5. Third-Party Dependency Conflicts

This is the most dangerous part of the migration. If you use a third-party library (e.g., an older PDF generator, a specific payment SDK) that depends on javax.servlet internally, your application will compile but fail at runtime with java.lang.NoClassDefFoundError: javax/servlet/http/HttpServletRequest.

The Fix:

  1. Check for Updates: Check Maven Central for a version of the library compatible with Jakarta EE 9/10 (often denoted with a -jakarta suffix or a major version bump).
  2. Eclipse Transformer: If the vendor has not updated the library, you can use the Eclipse Transformer Maven Plugin to rewrite the library's bytecode at build time, converting javax references to jakarta.
<!-- Example of transforming a legacy dependency -->
<plugin>
    <groupId>org.eclipse.transformer</groupId>
    <artifactId>transformer-maven-plugin</artifactId>
    <version>0.5.0</version>
    <extensions>true</extensions>
    <configuration>
        <rules>
            <jakartaDefaults>true</jakartaDefaults>
        </rules>
    </configuration>
    <executions>
        <execution>
            <id>default-jar</id>
            <goals>
                <goal>jar</goal>
            </goals>
        </execution>
    </executions>
</plugin>

Why this works

By explicitly importing jakarta.*, you are aligning your source code with the JAR files provided by Tomcat 10 (embedded in Spring Boot 3) and Hibernate 6.

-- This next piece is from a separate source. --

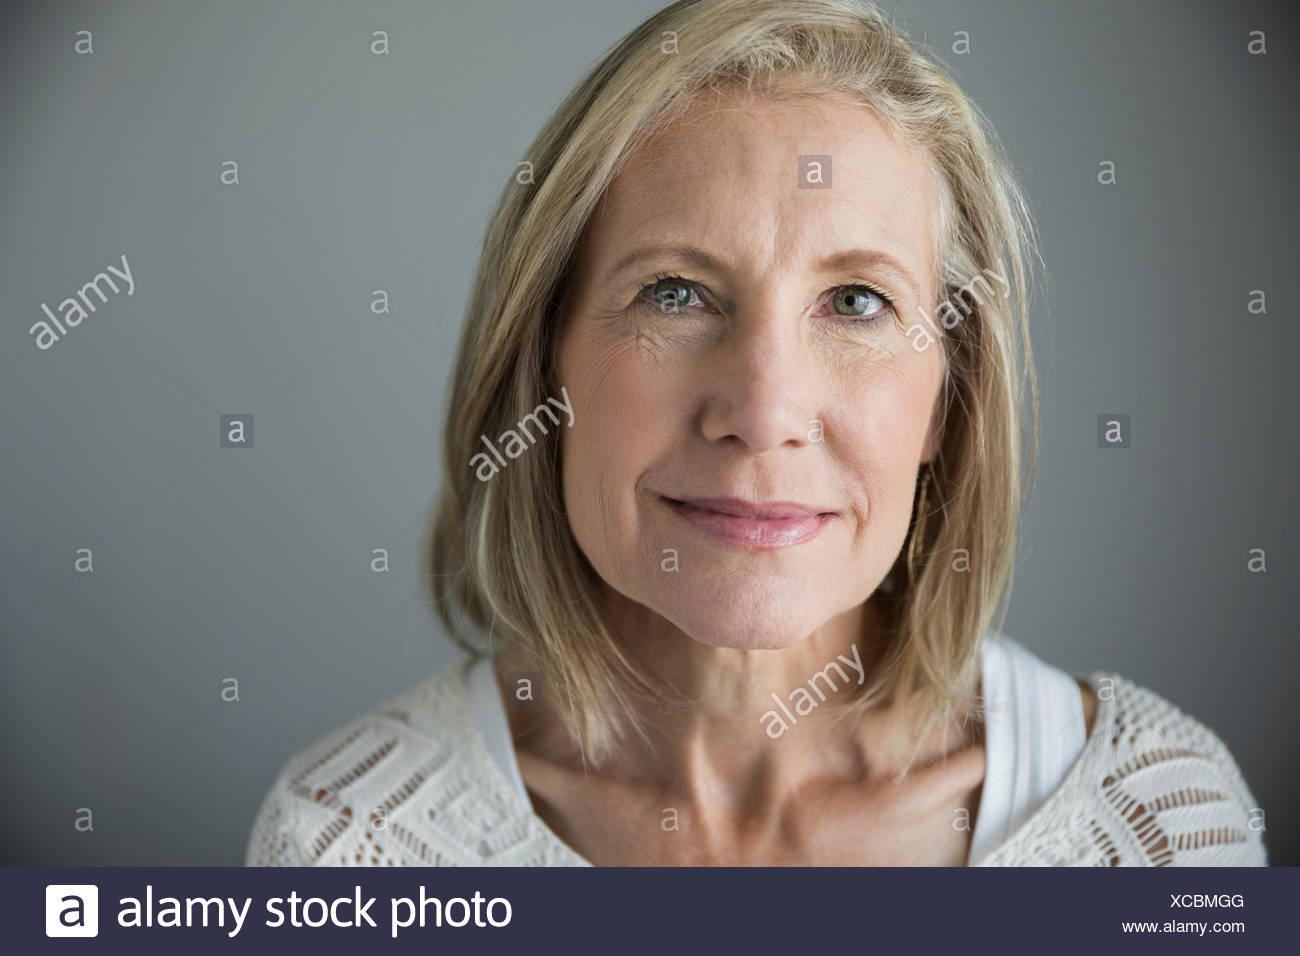 Retrato senior sonriente mujer con cabello rubio Imagen De Stock
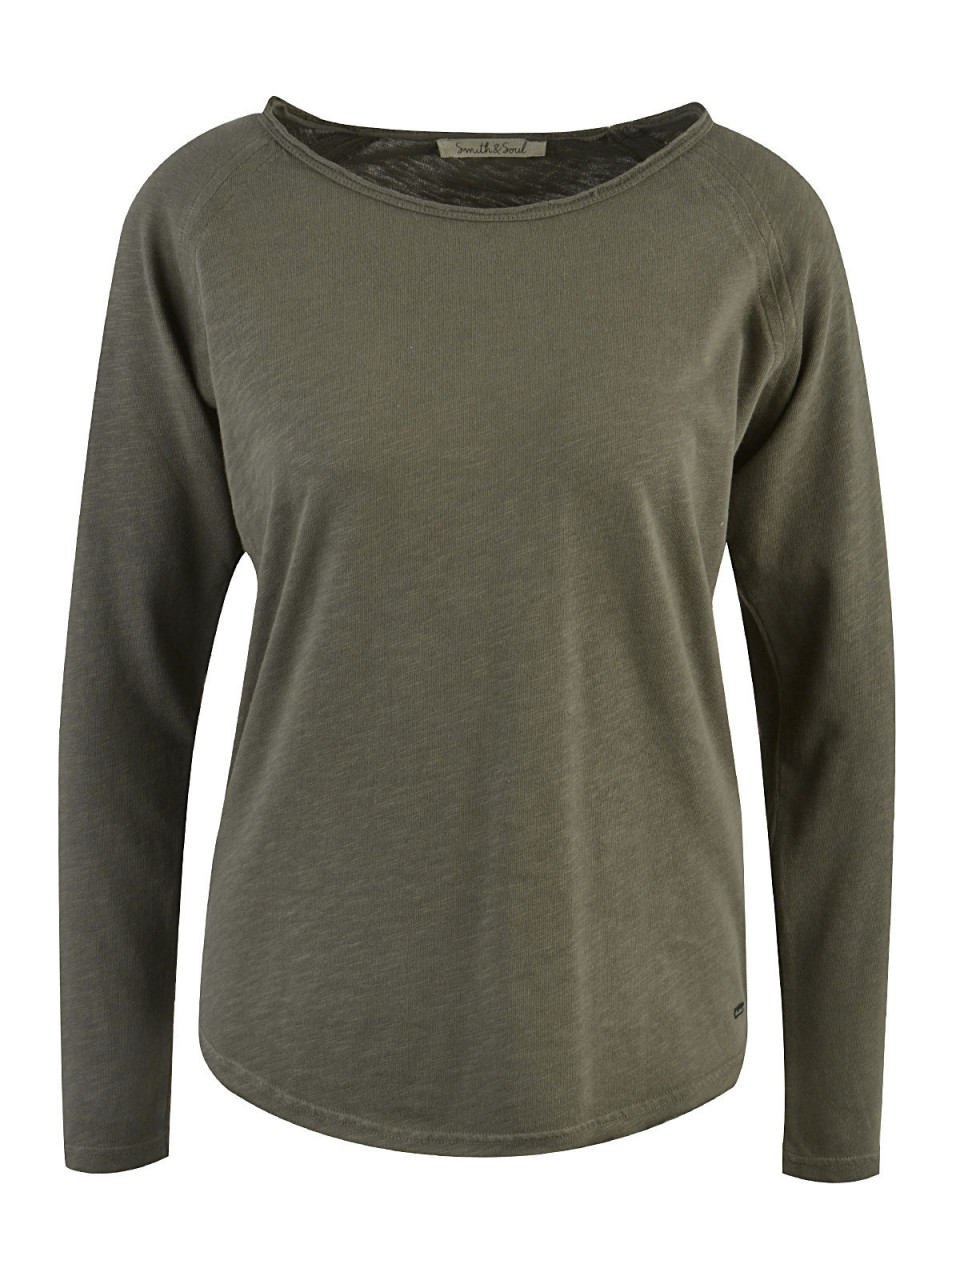 Oberteile - SMITH SOUL Damen Sweatshirt, oliv  - Onlineshop Designermode.com

Under the hood, the classloader for Tomcat 10 is looking for jakarta.servlet.Servlet. If your code compiles against javax.servlet.Servlet, the bytecode refers to a class path that no longer exists in the container's runtime environment. The rename ensures the contract between your code and the container is restored.

Conclusion

The javax to jakarta migration is a one-time tax required to unlock the features of Spring Boot 3, Java 17+, and the modern cloud-native ecosystem. While the compilation errors look intimidating initially, the fix is deterministic: upgrade the BOM, find-and-replace the imports, and ensure your third-party dependencies are Jakarta-compatible.